Hi @DeAnn thank you for sharing your story and thoughts. You have done incredibly well. I can only imagine the challenges of relying on others as I only had this for a short while - not that anyone knows how long they will need anything after a stroke.
I am inclined to say you should happily make a nuisance of yourself to family and friends that is what they are there for! And if you want / can do any of those activities I am certain there are novel ways organisations can assist with aids and transport. We have to fight the good fight. To clarify my eyes are a bit worse but I can use them fine. The reading thing is probably more to do with needing better light, building up my attention span and exercising some patience! Thank heaven for Podcasts. Have you noticed your sense of self change or no?
Soooo good to hear this @rodkay! The one thing I notice about this stroke malarkey is that despite sterling research in this field there’s no lexicon or manual to describe post life. Knowing there are people who feel and experience the same as me is like gold. Here I am on the planet thinking it’s only me that is feels like a shark turned over where I’m relaxed in water haha! I agree just getting there is an achievement at the best of times when energy is depleted andthe brainis overheating.

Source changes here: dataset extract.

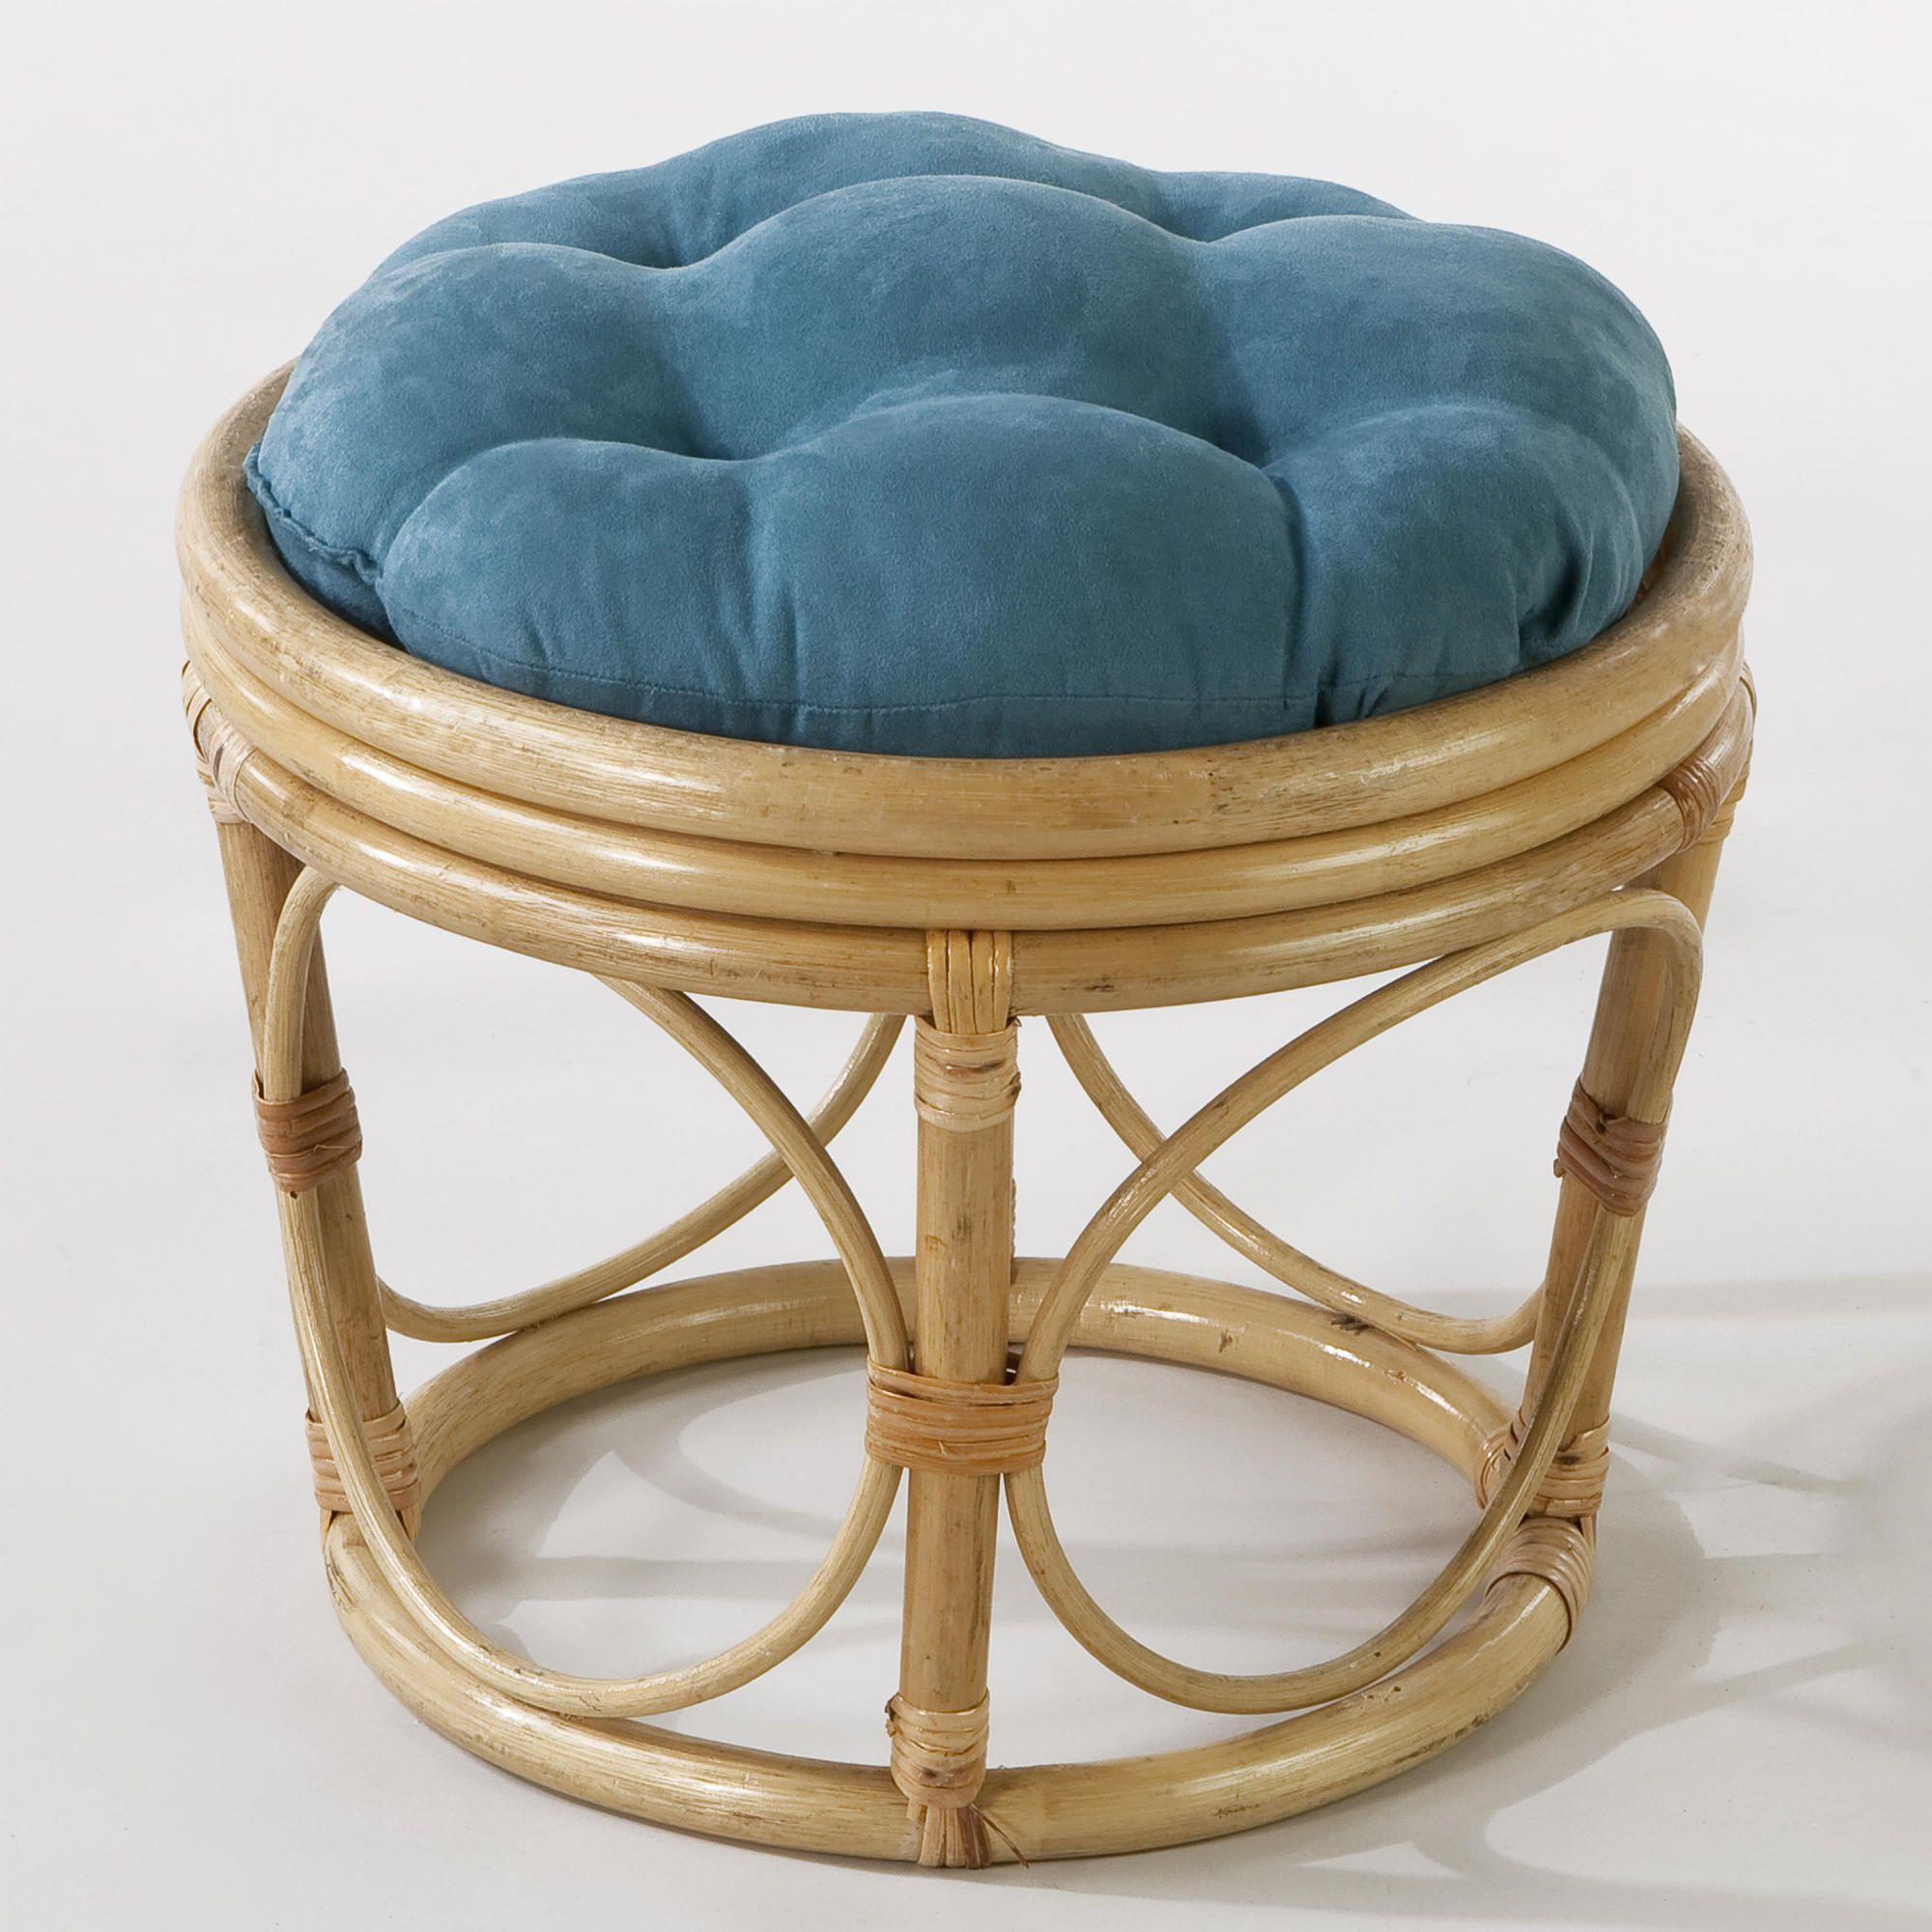 Porcelain Microsuede Papasan Stool Cushion World Market Stool Cushion Papasan Chair Cushion Papasan Chair

And there is definitely something to be said about attention, patience and effort. The struggle is real but you don’t hear Doctors talk about this. I did read one book called ‘Healing the Broken Brain: 100 questions about stroke. It is written brothers where one had a stroke st 10yrs old and the other became a Doctor and dedicated his life to studying it. It was the perfect aid in those early stages. I guess I haven’t gotthere yet accepting the dodgy circuitry haha. What you describe is indeed a breath of fresh air andI appreciate you all taking the time to share.
Hi @mikey903 wouldn’t that be amazing. Funny I had a dream that I was told I’m the lucky winner of barriatric surgery lol. I woke up from that pretty fast. I have also seen the GP and I’ll monitor it thanks. Good that you are keeping busy. Everything is busy I think in the first year!
Hello @RedFraggle. I get it. I question daily who I am now.
Dismissed from work at 51. Medically retired due to incapacity. Sounds awful. Being capable was part of the way I approached just about everything.
Confidence in bits. Cognitive difficulties causing more impact than any other effect. Previous work very much involving contact with other people (NHS).
Plus side- have a pension ,and any amount of time. Have found two volunteering opportunities. Both involve contact with people. Both give a sense of purpose. One encourages me to believe I am capable- I am trusted with the till in the charity shop, something I would not have thought possible. The other (gardening) allows use of pre learnt skills which I can a) remember and b)carry out.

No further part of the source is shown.